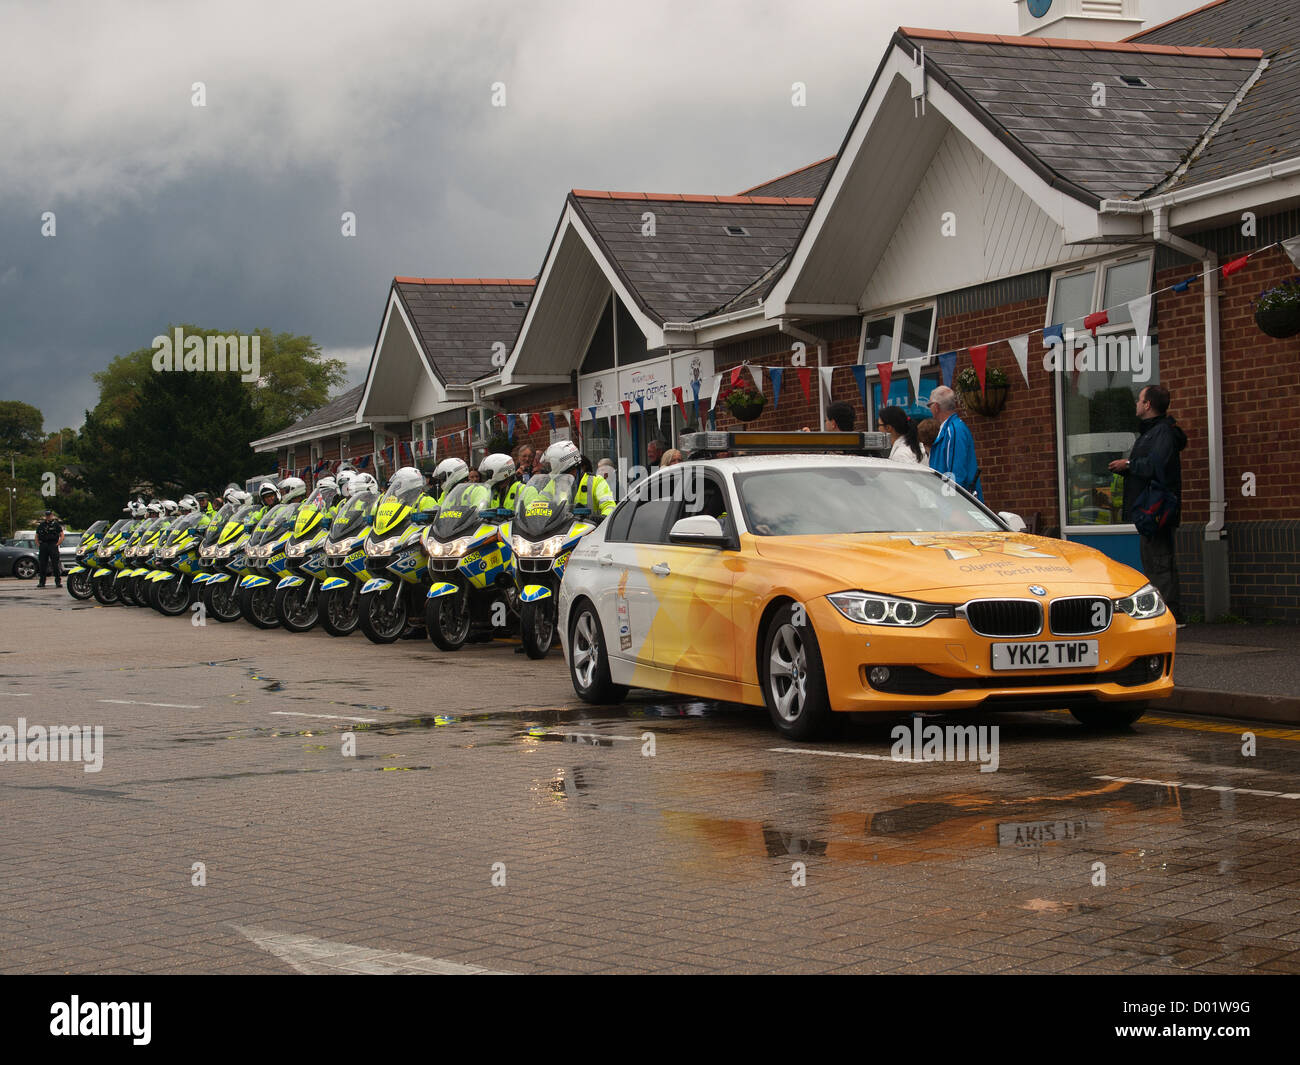 Torcia olimpica Lymington Hampshire England Regno Unito - supporto auto e moto della polizia in attesa di guidare sul Wightlink traghetto per auto Foto Stock
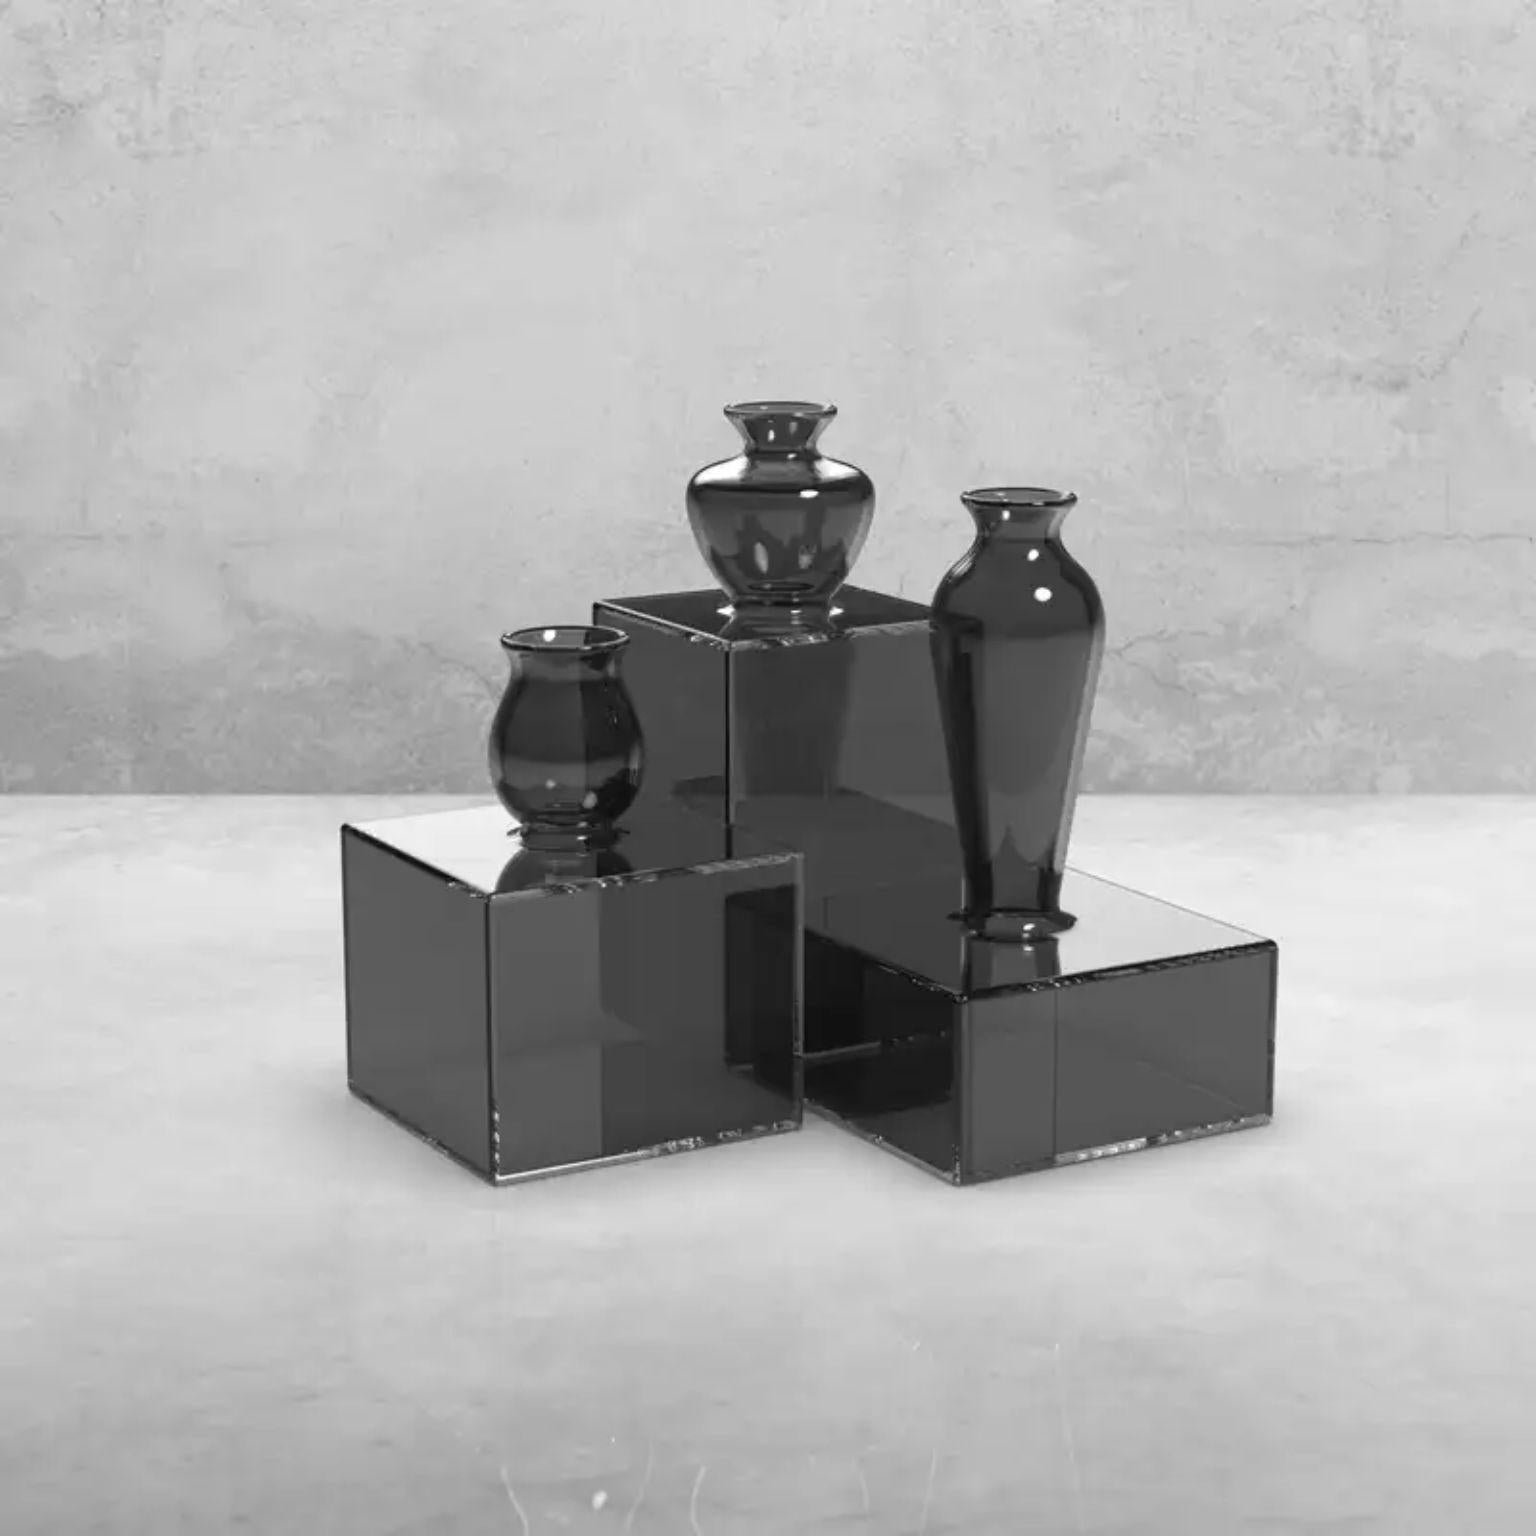 Satz von 3 quadratischen schwarzen Milo-Vasen von Mason Editions
Entworfen von Quaglio Simonelli.
Abmessungen: Mittlere Vase: T 6,4 x B 6,4 x H 8,8 cm.
Hohe Vase: T 5,6 x B 5,6 x H 12,5 cm.
Niedrige Vase: T 7,1 x B 7,1 x H 11,5 cm.
MATERIAL:

•••••

The expected output is every line from the line where "Satz von 3 quadratischen" appears to the final line of the material, unchanged and with no pictures.

 Satz von 3 quadratischen schwarzen Milo-Vasen von Mason Editions
Entworfen von Quaglio Simonelli.
Abmessungen: Mittlere Vase: T 6,4 x B 6,4 x H 8,8 cm.
Hohe Vase: T 5,6 x B 5,6 x H 12,5 cm.
Niedrige Vase: T 7,1 x B 7,1 x H 11,5 cm.
MATERIAL:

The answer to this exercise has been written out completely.